Retailers relaxing their quality standards and starting selling more “wonky vegetables” are among the recommendations MPs have made to cut back on the massive amounts of food waste in the UK every year.
A report by the Environment, Food and Rural Affairs committee (EFRA) said more than 10m tonnes of food is thrown away in British households every year and that 60% of the waste could be avoided.
The government should consider forcing food businesses and retailers to separate food waste for collection, starting off by applying new rules to businesses that produce more than 50kg of food waste per week and then applying these to smaller businesses.
Retailers were told that not enough is being done to redistribute surplus food.
“We welcome the will shown by retailers to redistribute surplus food. However... there is a huge amount of surplus food that is currently not being redistributed,” said the report.
Manufacturers were failing to sign up to voluntary waste reduction targets set by the Courtauld Commitment and MPs called for more enforcement measures to be taken by the government.
The report said in the hospitality industry 30% of waste was made up of food thrown away from customers’ plates, and the three most discarded items were chips, bread rolls and coleslaw. The equivalent of one in six meals served in the UK is wasted, it has been estimated.
Tesco was praised for publishing food waste data from across its supply chain, while Sainsbury’s was said to be moving in the right direction, although needing more transparency.

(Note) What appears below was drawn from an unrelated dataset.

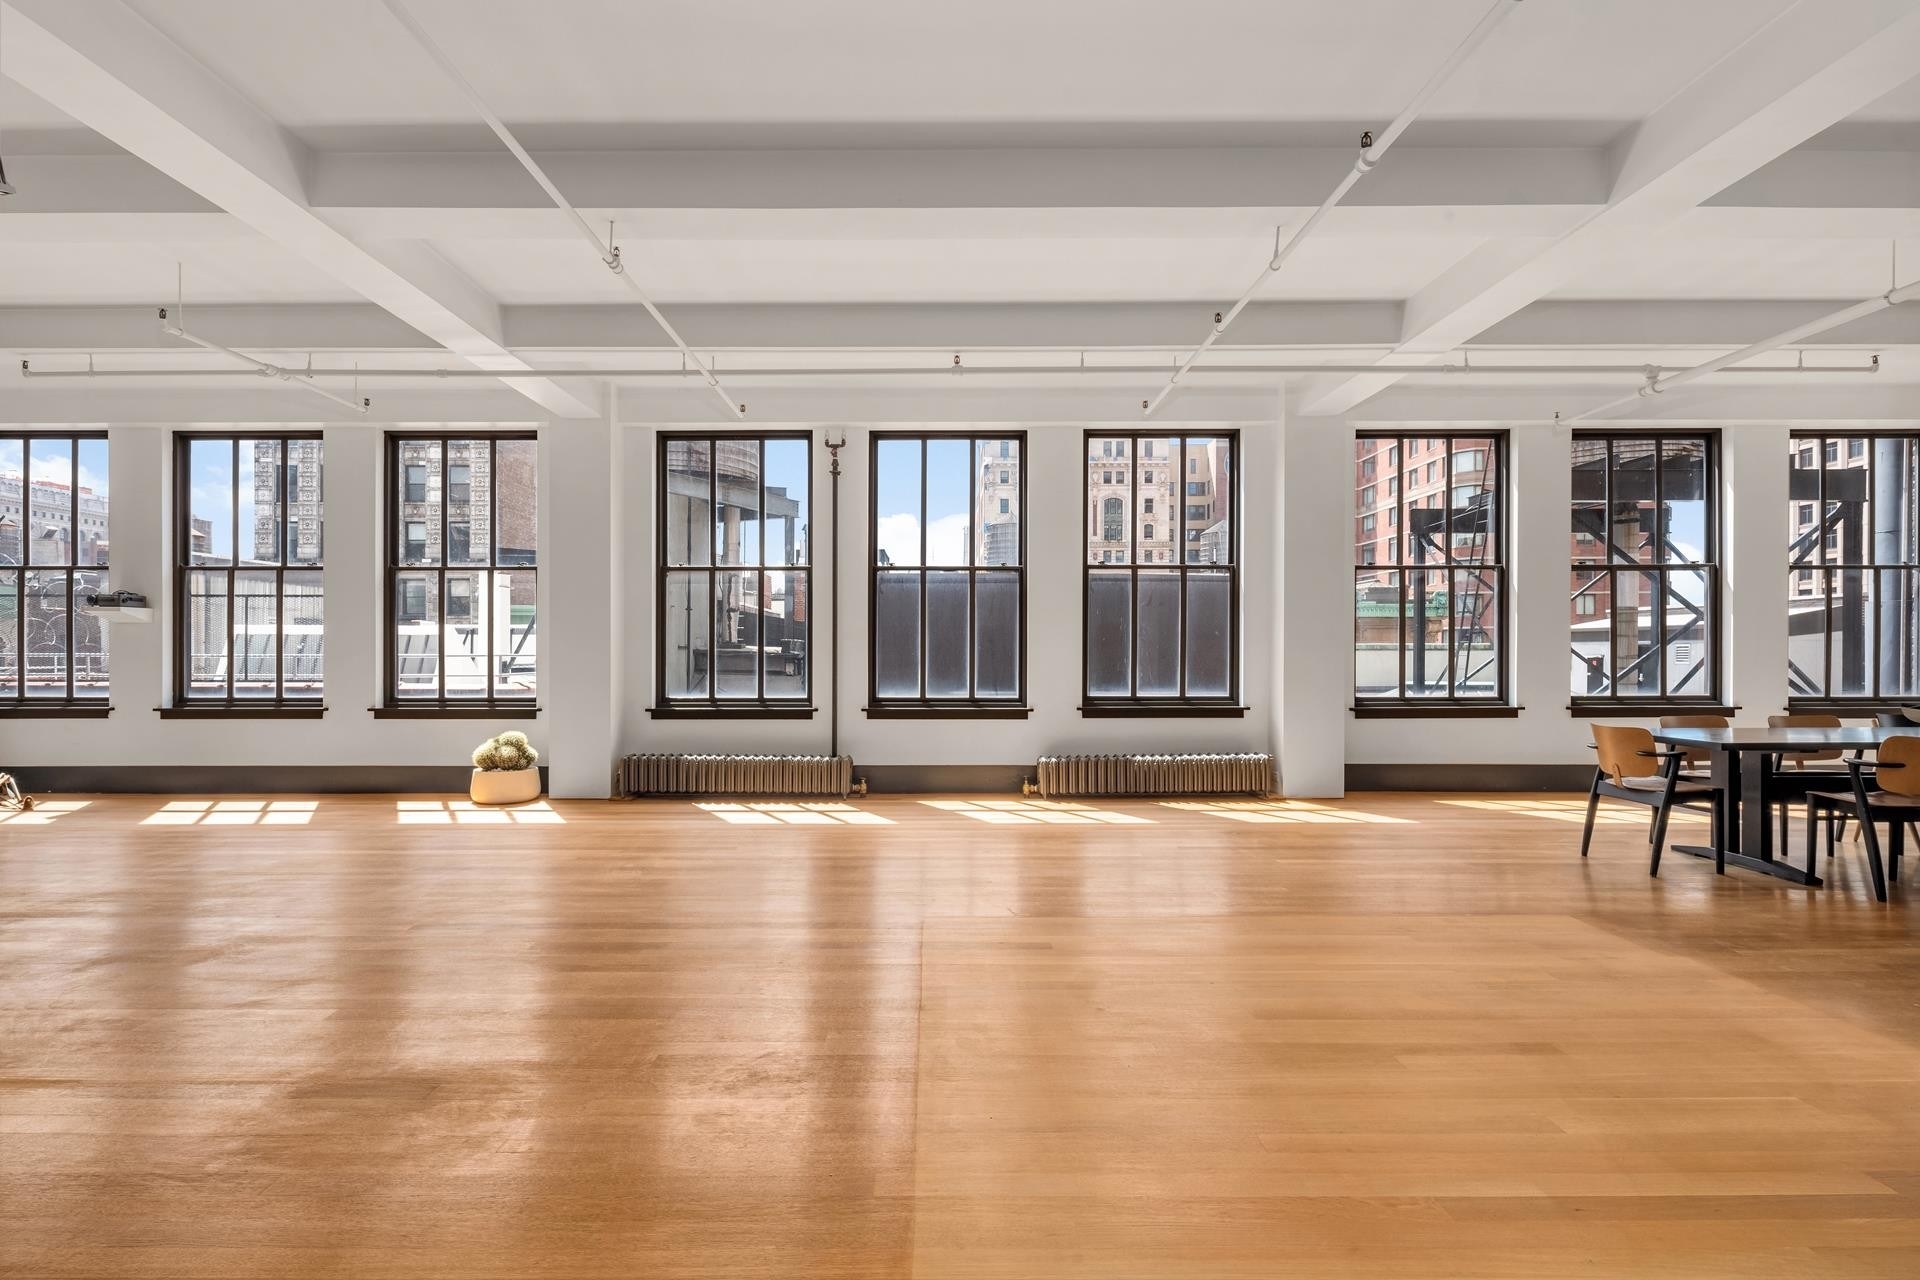 Co-op Properties for Sale at 12 Lofts, 38 W 26TH ST, PH12 Flatiron District, New York, New York 10010

However, the committee added: “The fact that no other retailers have followed their lead shows that a voluntary approach is inadequate.
“We recommend that the incoming government requires food businesses over a particular size to publicly report data on food waste. This would create much more transparency.”
And while WRAP (Waste & Resources Action Programme) was achieving good results, funding for the charity had been cut by Defra over recent years.
MPs urged the government to provide the charity with sufficient funding alongside investment from other sources so that it would have resources to maintain its food waste reduction programmes.
And retailers were urged to work with WRAP to develop a consistent method of reporting on waste reduction.
The committee recommended that the government continues the review looking at whether there is a need for “best before” dates on food with WRAP and the Food Standards Agency with a view to issuing guidance to industry by the end of 2017.